On Thu, Jun 18, 2009 at 3:01 PM, Shehjar Tikoo <shehjart at gluster.com> wrote:

> Raghavendra G wrote:
>
>> While this fixes the double free, The actual fix has to copy the buffer
>> into an ioq_entry, instead of just storing the buffer pointer. If not, there
>> can be cases wherein by the time the ioq_entry is written to socket, the
>> buffer might've already been freed.
>>
>
> Yup. I hadnt seen your reply to the bug report when I sent this patch.
>
> Thanks
> Shehjar
>
>
>> On Thu, Jun 18, 2009 at 2:36 PM, Shehjar Tikoo <shehjart at gluster.com<mailto:
>> shehjart at gluster.com>> wrote:
>>
>>    I think I understand why you see the crash.
>>    Could you please apply the following patch and tell
>>    us if the crash is observed still?
>>
>>    Thanks
>>    Shehjar
>>
>>
>>
>>
>>    Mihai wrote:
>>
>>        Hello,
>>        I'm using a server side replication on 6 servers. Glusterfsd
>>        crashes on a few hour basis:
>>        gdb -se /usr/sbin/glusterfsd -c /core.26947 GNU gdb Fedora
>>        (6.8-27.el5) Copyright (C) 2008 Free Software Foundation, Inc.
>>        License GPLv3+: GNU GPL version 3 or later
>>        <http://gnu.org/licenses/gpl.html>
>>        This is free software: you are free to change and redistribute it.
>>        There is NO WARRANTY, to the extent permitted by law.  Type
>>        "show copying"
>>        and "show warranty" for details.
>>        This GDB was configured as "x86_64-redhat-linux-gnu"...
>>        (no debugging symbols found)
>>
>>        warning: .dynamic section for "/usr/lib64/libglusterfs.so.0" is
>>        not at the expected address
>>
>>        warning: difference appears to be caused by prelink, adjusting
>>        expectations Reading symbols from
>>        /usr/lib64/libglusterfs.so.0...done.
>>        Loaded symbols for /usr/lib64/libglusterfs.so.0 Reading symbols
>>        from /lib64/libdl.so.2...done.
>>        Loaded symbols for /lib64/libdl.so.2
>>        Reading symbols from /lib64/libpthread.so.0...done.
>>        Loaded symbols for /lib64/libpthread.so.0 Reading symbols from
>>        /lib64/libc.so.6...done.
>>        Loaded symbols for /lib64/libc.so.6
>>        Reading symbols from /lib64/ld-linux-x86-64.so.2...done.
>>        Loaded symbols for /lib64/ld-linux-x86-64.so.2 Reading symbols
>>        from /usr/lib64/glusterfs/2.0.2/xlator/storage/posix.so...done.
>>        Loaded symbols for
>>        /usr/lib64/glusterfs/2.0.2/xlator/storage/posix.so
>>        Reading symbols from
>>        /usr/lib64/glusterfs/2.0.2/xlator/features/locks.so...done.
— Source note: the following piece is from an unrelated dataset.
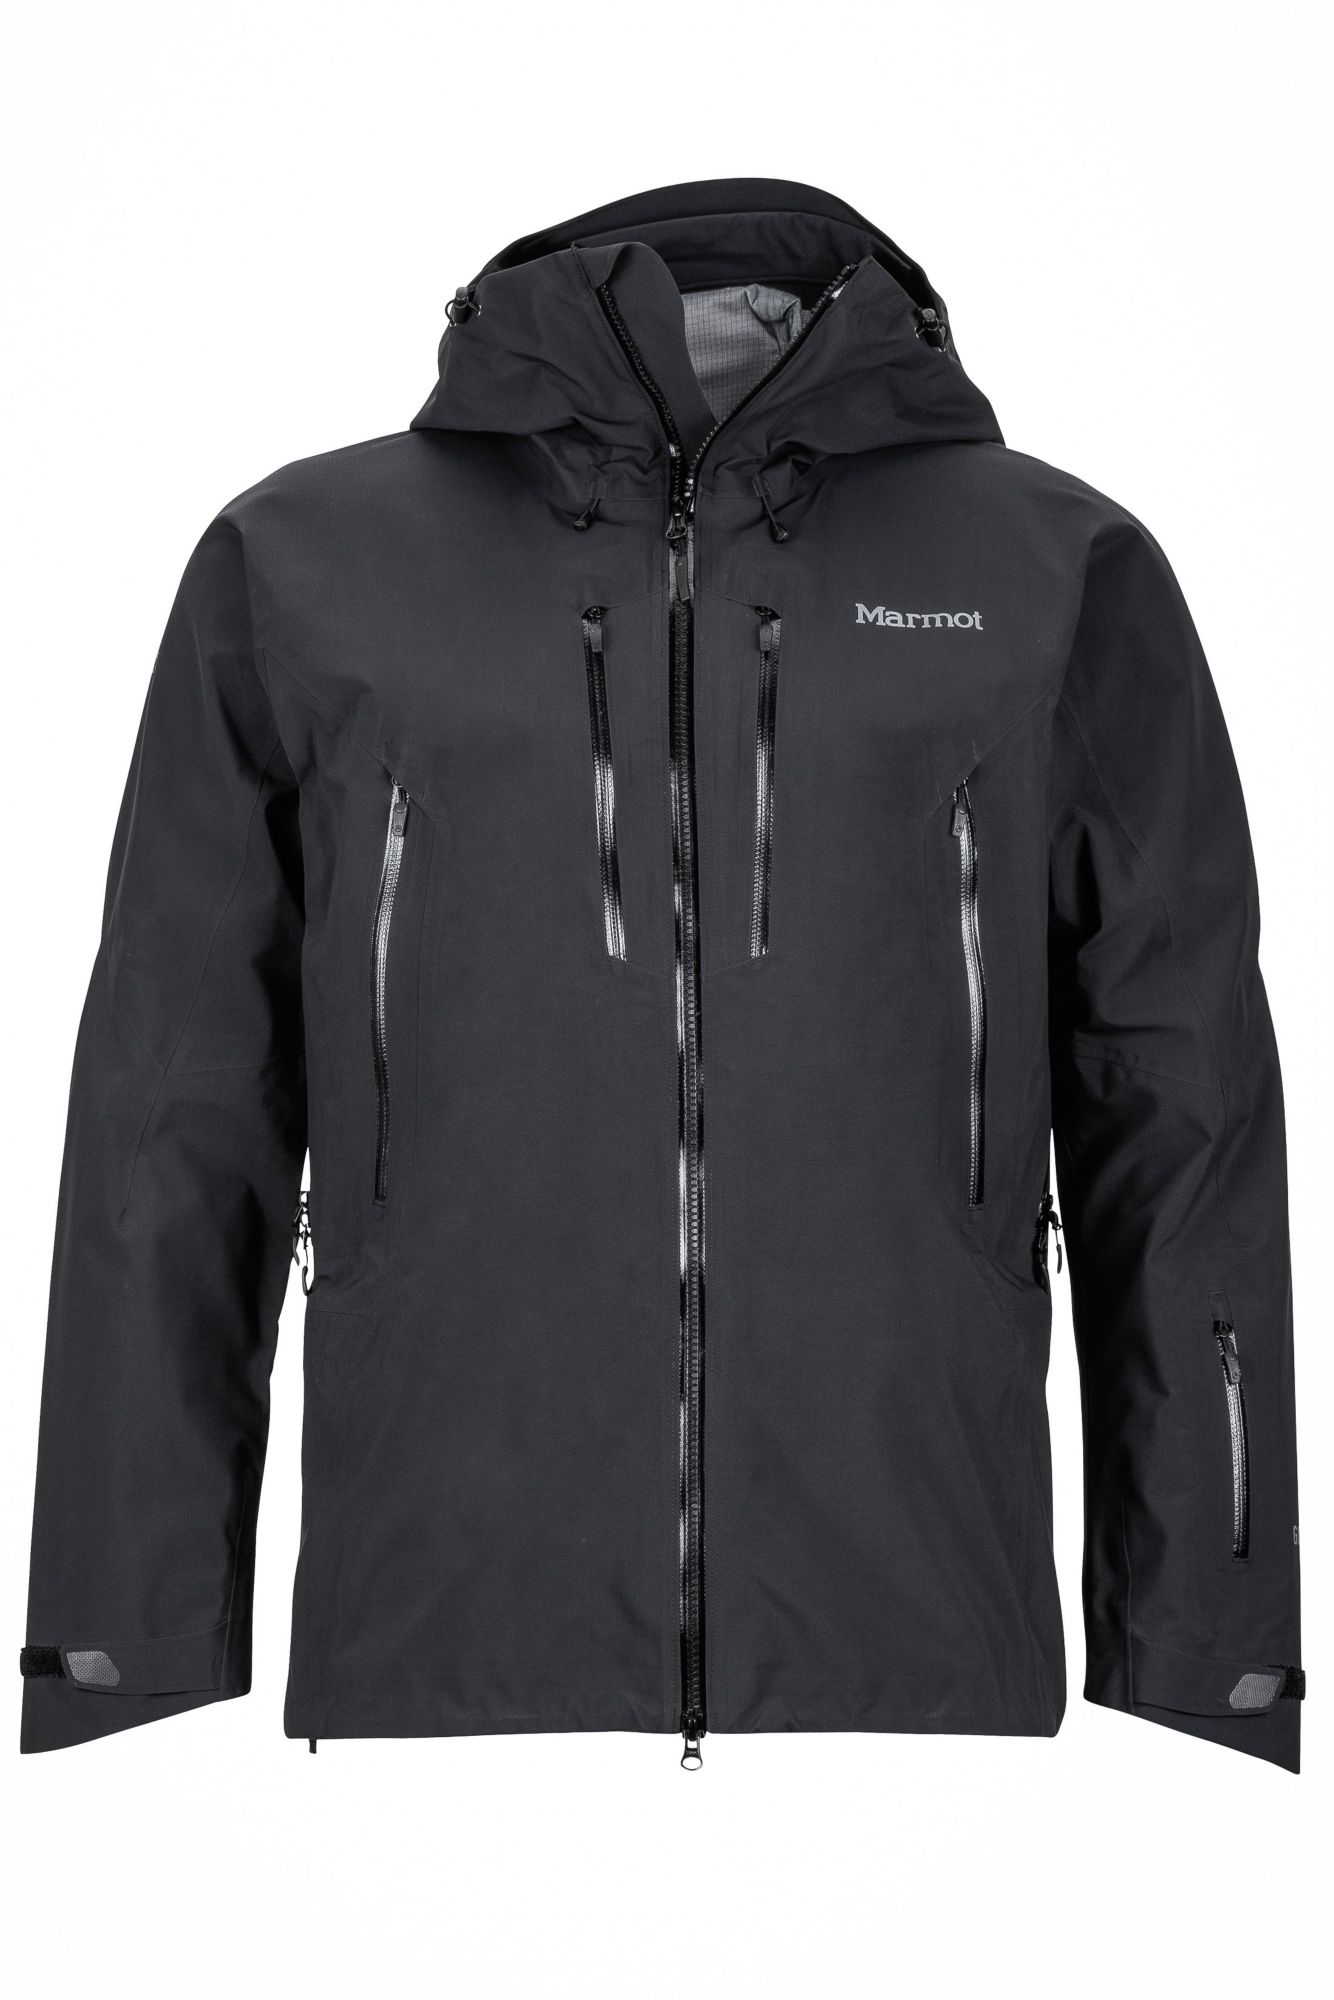 Marmot Outdoor Clothing Gear For Hiking Travel Snowsports

>>        Loaded symbols for
>>        /usr/lib64/glusterfs/2.0.2/xlator/features/locks.so
>>        Reading symbols from
>>        /usr/lib64/glusterfs/2.0.2/xlator/performance/io-threads.so...done.
>>        Loaded symbols for
>>        /usr/lib64/glusterfs/2.0.2/xlator/performance/io-threads.so
>>        Reading symbols from
>>        /usr/lib64/glusterfs/2.0.2/xlator/protocol/client.so...done.
>>        Loaded symbols for
>>        /usr/lib64/glusterfs/2.0.2/xlator/protocol/client.so
>>        Reading symbols from
>>        /usr/lib64/glusterfs/2.0.2/xlator/cluster/replicate.so...done.
>>        Loaded symbols for
>>        /usr/lib64/glusterfs/2.0.2/xlator/cluster/replicate.so
>>        Reading symbols from
>>        /usr/lib64/glusterfs/2.0.2/xlator/protocol/server.so...done.
>>        Loaded symbols for
>>        /usr/lib64/glusterfs/2.0.2/xlator/protocol/server.so
>>        Reading symbols from
>>        /usr/lib64/glusterfs/2.0.2/transport/socket.so...done.
>>        Loaded symbols for /usr/lib64/glusterfs/2.0.2/transport/socket.so
>>        Reading symbols from
>> /usr/lib64/glusterfs/2.0.2/auth/addr.so...done.
>>        Loaded symbols for /usr/lib64/glusterfs/2.0.2/auth/addr.so
>>        Reading symbols from /lib64/libnss_files.so.2...done.
>>        Loaded symbols for /lib64/libnss_files.so.2 Reading symbols from
>>        /lib64/libgcc_s.so.1...done.
>>        Loaded symbols for /lib64/libgcc_s.so.1
>>        Core was generated by `/usr/sbin/glusterfsd -f
>>        /etc/glusterfs/glusterfsd.vol'.
>>        Program terminated with signal 6, Aborted.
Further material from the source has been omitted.